You seem to be particularly bullish on the US stock market. Why is this?

PF: The US economy is in comparatively healthy shape. If you are optimistic on equities, you can't really avoid having a positive bias to US equities because they now represent close to two thirds of global equity market capitalization. Nevertheless, we still have concerns about valuations in parts of the US market deemed to benefit from the growth in AI.

With that in mind, are you hedging your bets in any way?

PF: We use S&P 500 futures for our directional US equity exposure, which means we can’t avoid exposure to some of these large-cap US technology companies we have concerns about. However, we are simultaneously investing in a basket of “value” stocks. While this strategy did not do so well last year, it did very well for us in 2022 and we have retained it.

We have another position giving exposure to a selection of quality mid-cap stocks against which we are “short” of the wider US market. These value-oriented positions should give some downside protection to our US equity exposure.

There’s a lot of focus among market participants on fiscal deficits, which have been rising relentlessly. How concerned should we be?

PF: Worsening demographics, the need to tackle climate change, and the increasingly partisan nature of politics give us cause for concern over the longer term.

But if you look at a country like Japan, where debt relative to GDP is multiples of what you have in the US and euro zone, the debt has essentially been monetised by the Bank of Japan without major inflationary consequences.

If debt sustainability becomes an issue, I don't think any central bank will sit back and do nothing

If debt sustainability becomes an issue, I don't think any central bank will sit back and do nothing. While the Fed seems set to push ahead with quantitative tightening, it will just step back in again and start buying bonds at the first sign of a new crisis. Few would be brave enough to bet against some form of financial repression in that environment.
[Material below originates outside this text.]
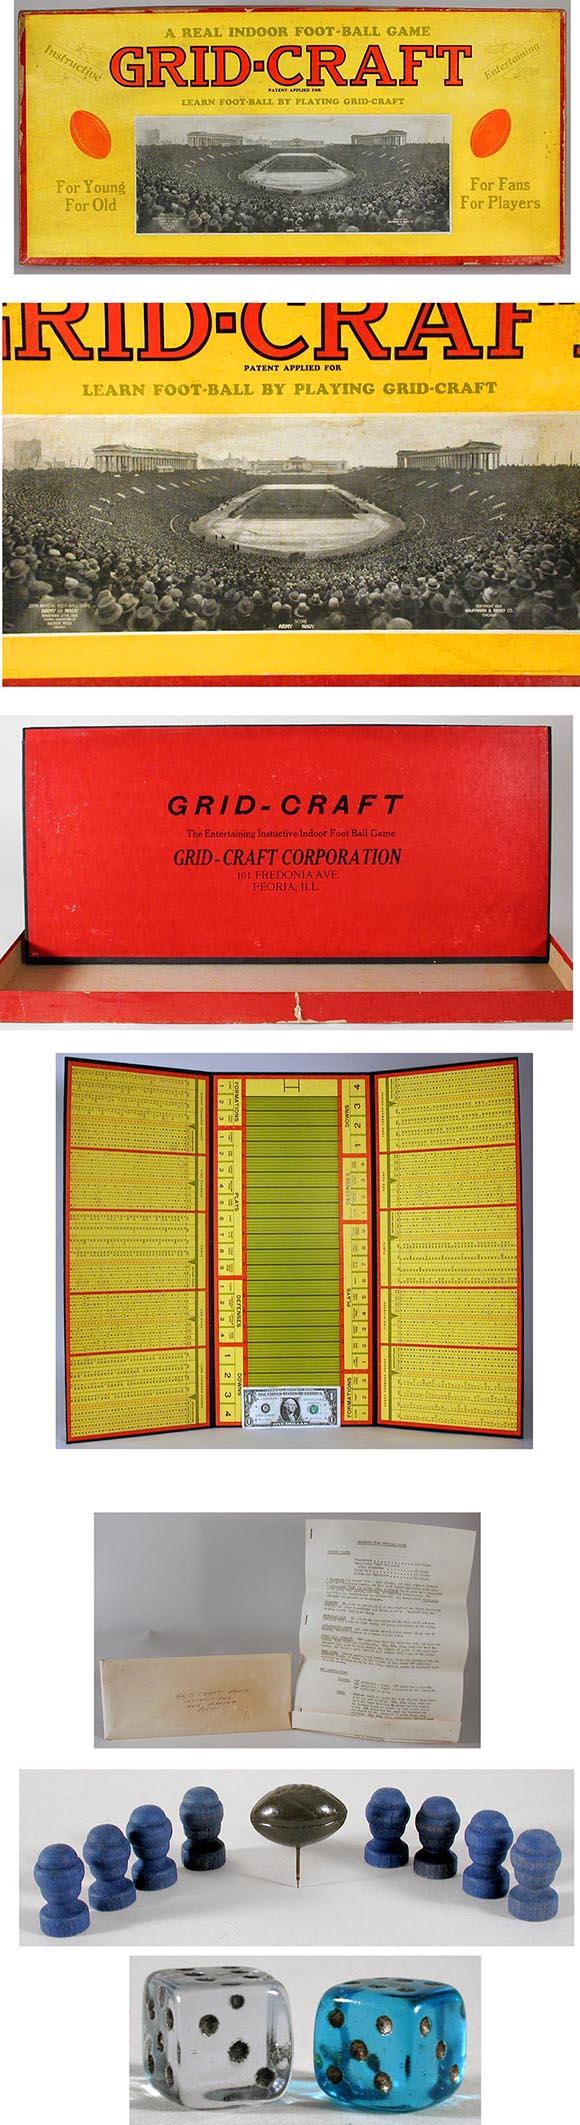 1926 Army vs. Navy, Grid-Craft Foot-Ball Game in Original Box

This means there may be opportunities to take advantage of rising prices of various basic resources, such as oil or gold, whether through investing in the commodities directly or via shares in firms that produce them. The rationale for this is that if central banks are simultaneously depreciating the value of fiat money, that will filter through to higher inflation.

So concern about the US deficit is unlikely to lead international investors to shun the dollar, in your view?

IP: It is unlikely the dollar’s reserve currency status will come under threat as there is nowhere else for capital to go. Most investors do not want to invest in Chinese markets, and European capital markets are tiny in comparison to the US. If you're going to move your money into other currencies you’ve got to have assets to park it in and there are limited opportunities beyond North America.

Markets were unruffled by Donald Trump's victory in 2016. Should he be re-elected in November, could we be in for a more turbulent time?

IP: I'm not sure markets are going to be paying as much attention to the US election as some commentators might wish to believe. I think the focus will be on the prospect of tax cuts under a new Republican administration.